Figure 2: Experimental setup. (a) Optical image of a transmon qubit located in a trench, which dispersively couples to two 3D Al cavities. (b) Optical image of the single-junction transmon qubit. (c) Scanning electron microscope image of the Josephson junction. (d) Schematic of the device with the main parameters.

The experiment setup is shown in Fig. 2. The necessary high fidelity (~99.6%) and QND qubit detection can be realized with the help of a near-quantum-limited Josephson parametric amplifier [4,5]. A randomized benchmark calibration shows that the single-qubit gate fidelity is about 99.8%, allowing for a highly precise qubit manipulation. Therefore, with the high fidelity state preparation, manipulation and measurement, we are able to achieve fexp (1/2)=0.965. For a special model of the experiment data, we show that more than 105 classical coins are needed for simulating this model, while the average number of quoins for our protocol is about 20.

Our experimental verification sheds light on a fundamental question about what the essential resource for quantum information processing is, which may stimulate the search for more protocols that show quantum advantages without multipartite correlations.

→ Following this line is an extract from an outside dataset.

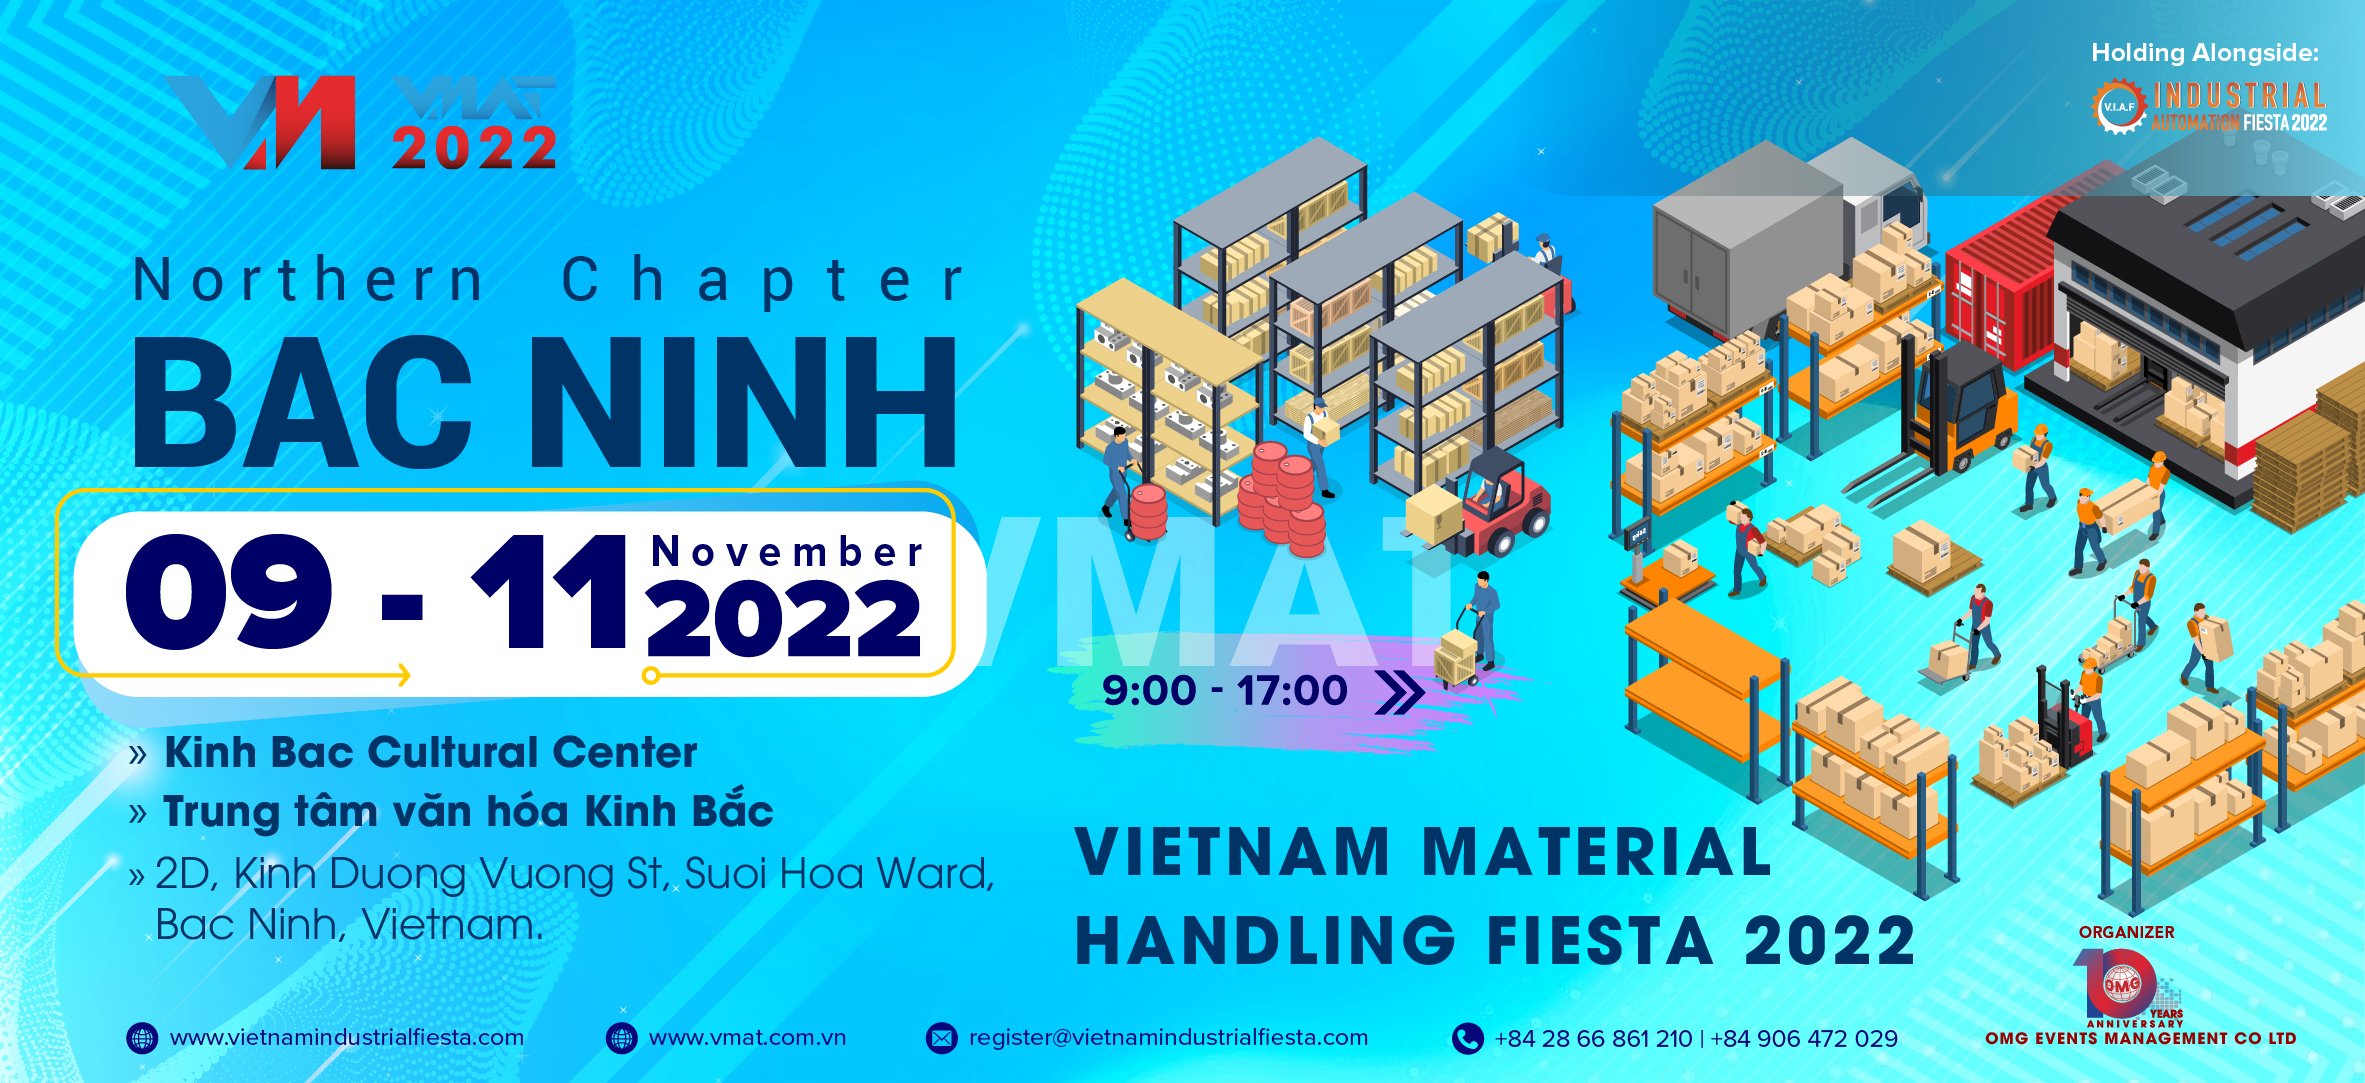 VMAT - VIETNAM MATERIAL HANDLING FIESTA 2022

Considering the conversion from coherence to multipartite correlation, investigating the power of coherence may also be helpful in understanding the power of multipartite correlation and universal quantum computation.

References:
[1] Xiao Yuan, Ke Liu, Yuan Xu, Weiting Wang, Yuwei Ma, Fang Zhang, Zhaopeng Yan, R. Vijay, Luyan Sun, Xiongfeng Ma, "Experimental Quantum Randomness Processing Using Superconducting Qubits", Physical Review Letters, 117, 010502 (2016). Abstract.
[2] J. Von Neumann, "Various Techniques used in connection with random digits", Journal of Research of the National Bureau of Standards -- Applied Mathematics Series, 12, 36 (1951). PDF File.
[3] M. S. Keane, George L. O’Brien, "A Bernoulli factory", ACM Transactions on Modeling and Computer Simulation, 4, 213 (1994). Abstract.
[4] Howard Dale, David Jennings, Terry Rudolph, Nature Communications, 6, 8203 (2015). Abstract.
[5] M. Hatridge, R. Vijay, D.H. Slichter, John Clarke, I. Siddiqi, "Dispersive magnetometry with a quantum limited SQUID parametric amplifier", Physical Review B, 83, 134501 (2011). Abstract.